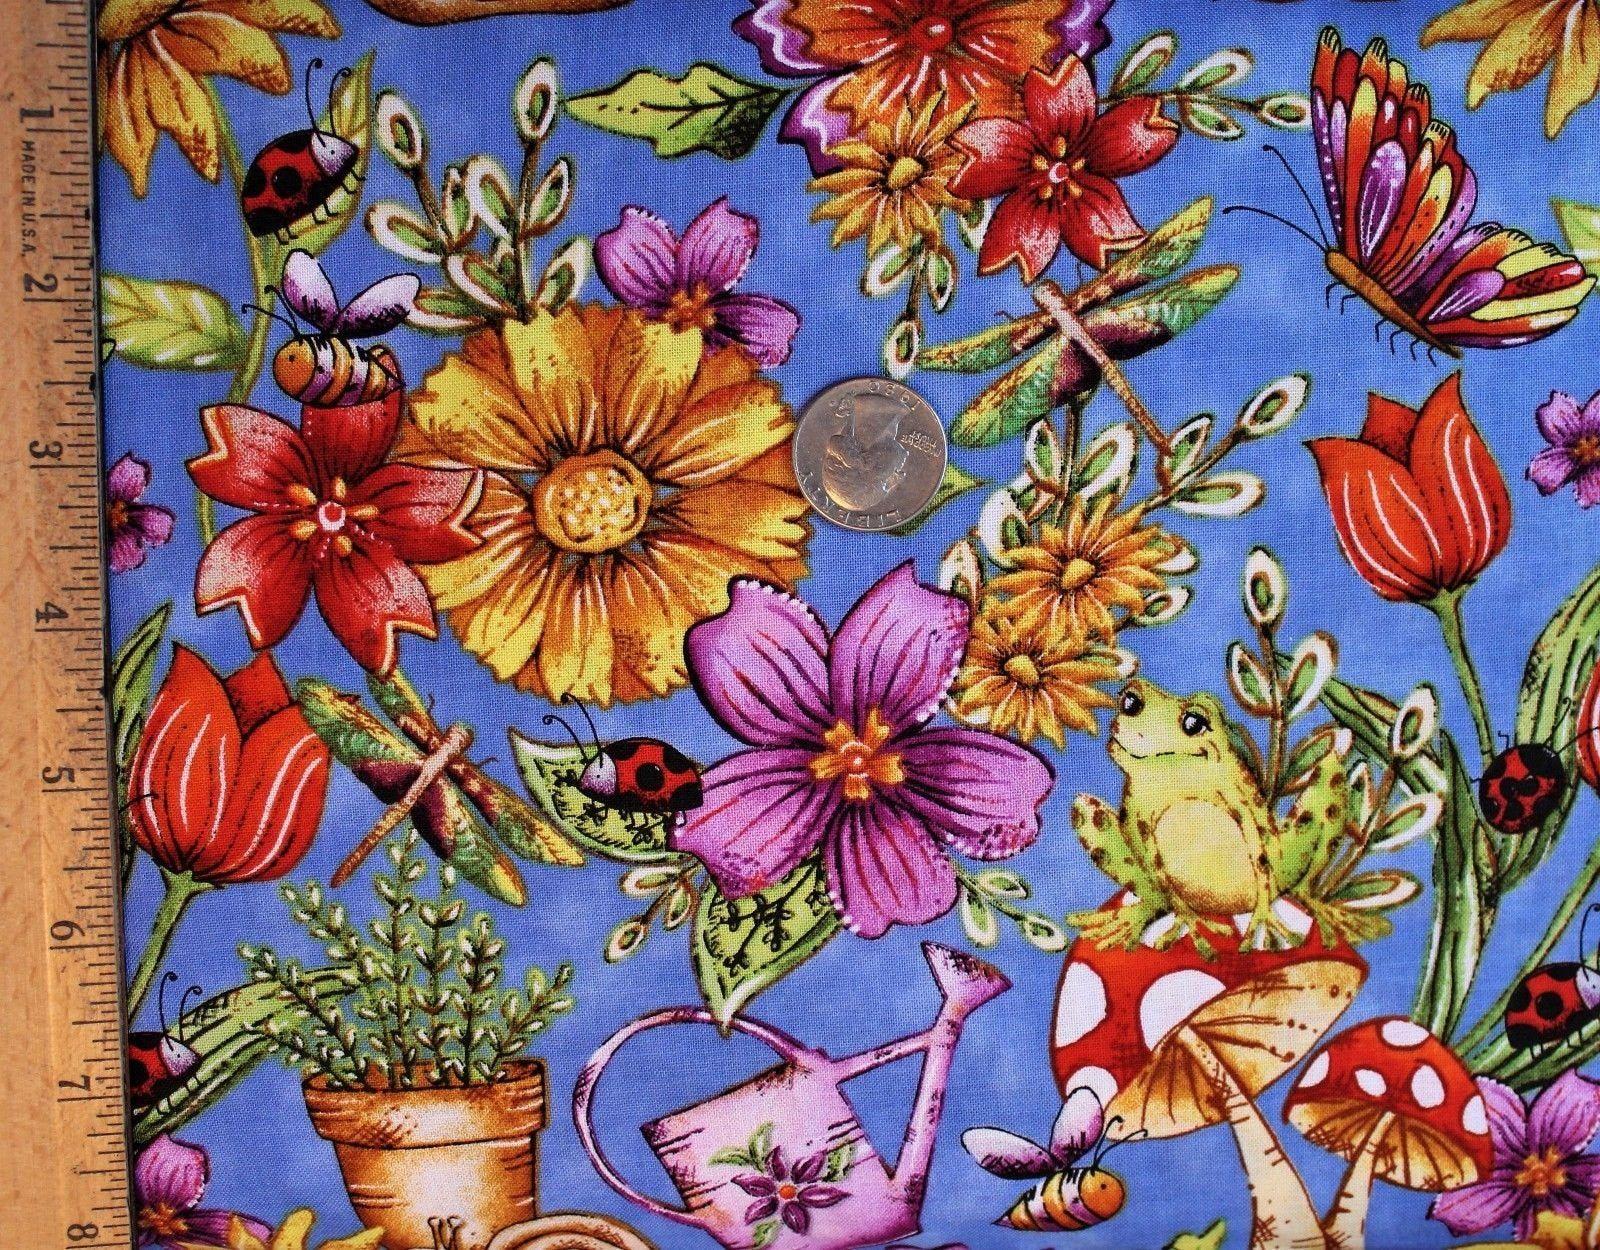 Garden glory by blank fabrics 100 cotton quilting fabric
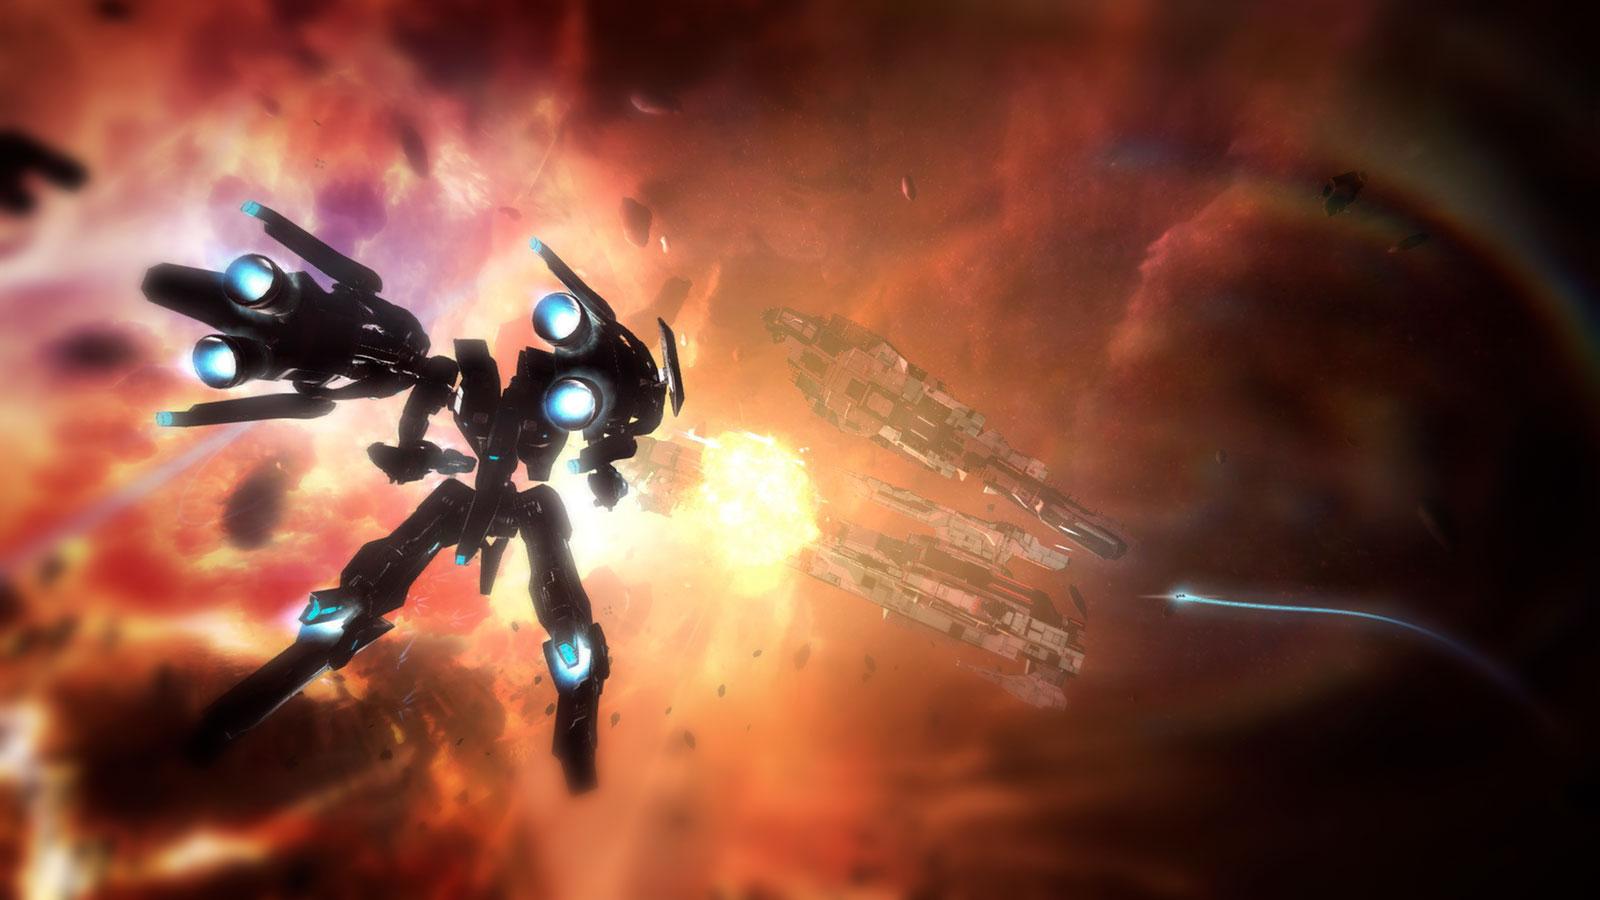 Strike Suit Zero меха в космосе
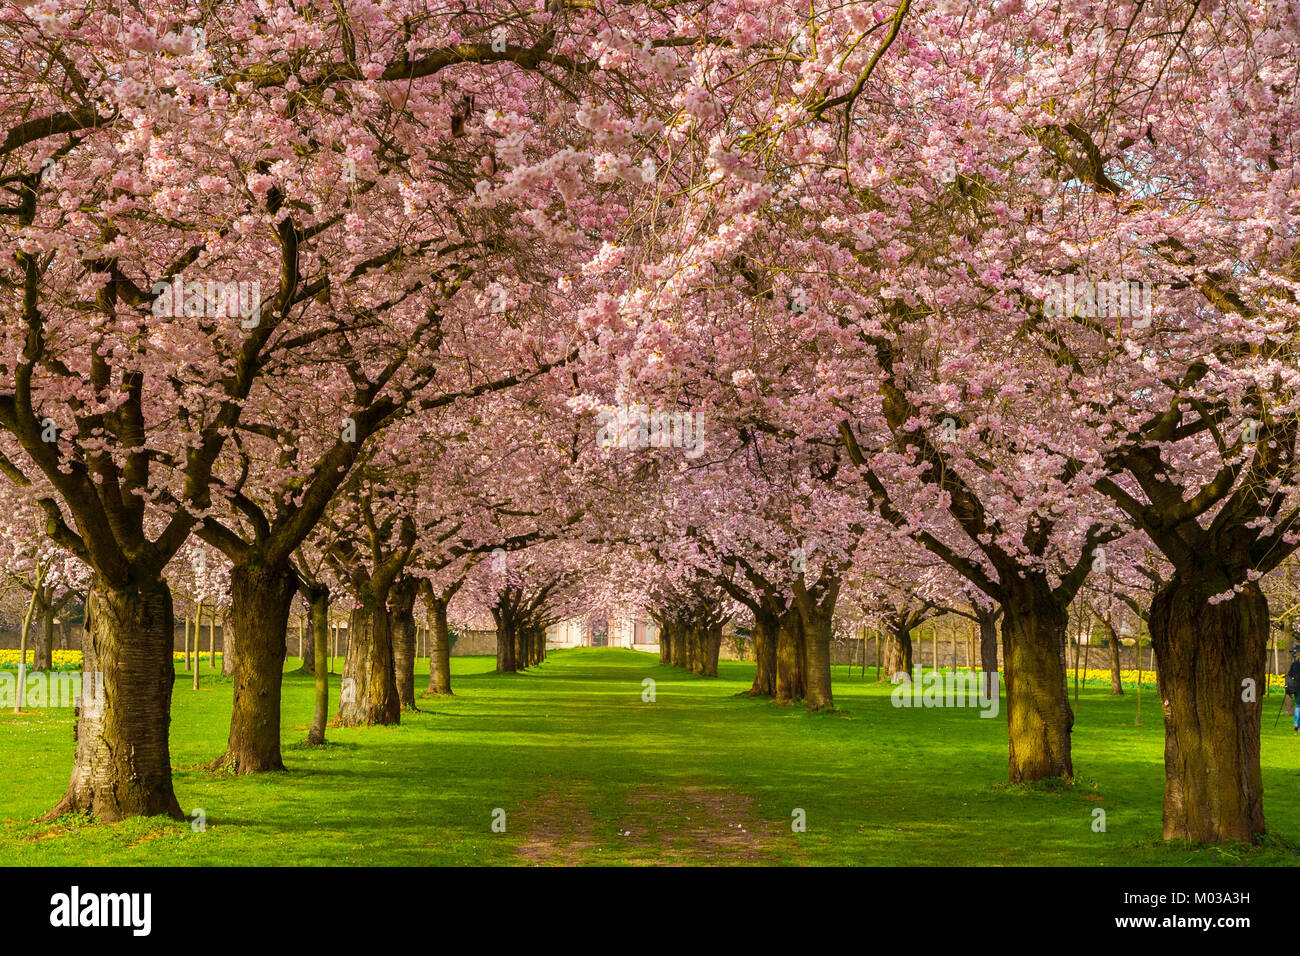 Beautiful cherry blossom avenue in the Schwetzingen garden, Germany. - Stock Image

:::::

◆ Your objective ◆
Except for the pictures, please retype the listing above exactly.

◆ Task response ◆
 Garden glory by blank fabrics 100 cotton quilting fabric
 Strike Suit Zero меха в космосе
 Beautiful cherry blossom avenue in the Schwetzingen garden, Germany. - Stock Image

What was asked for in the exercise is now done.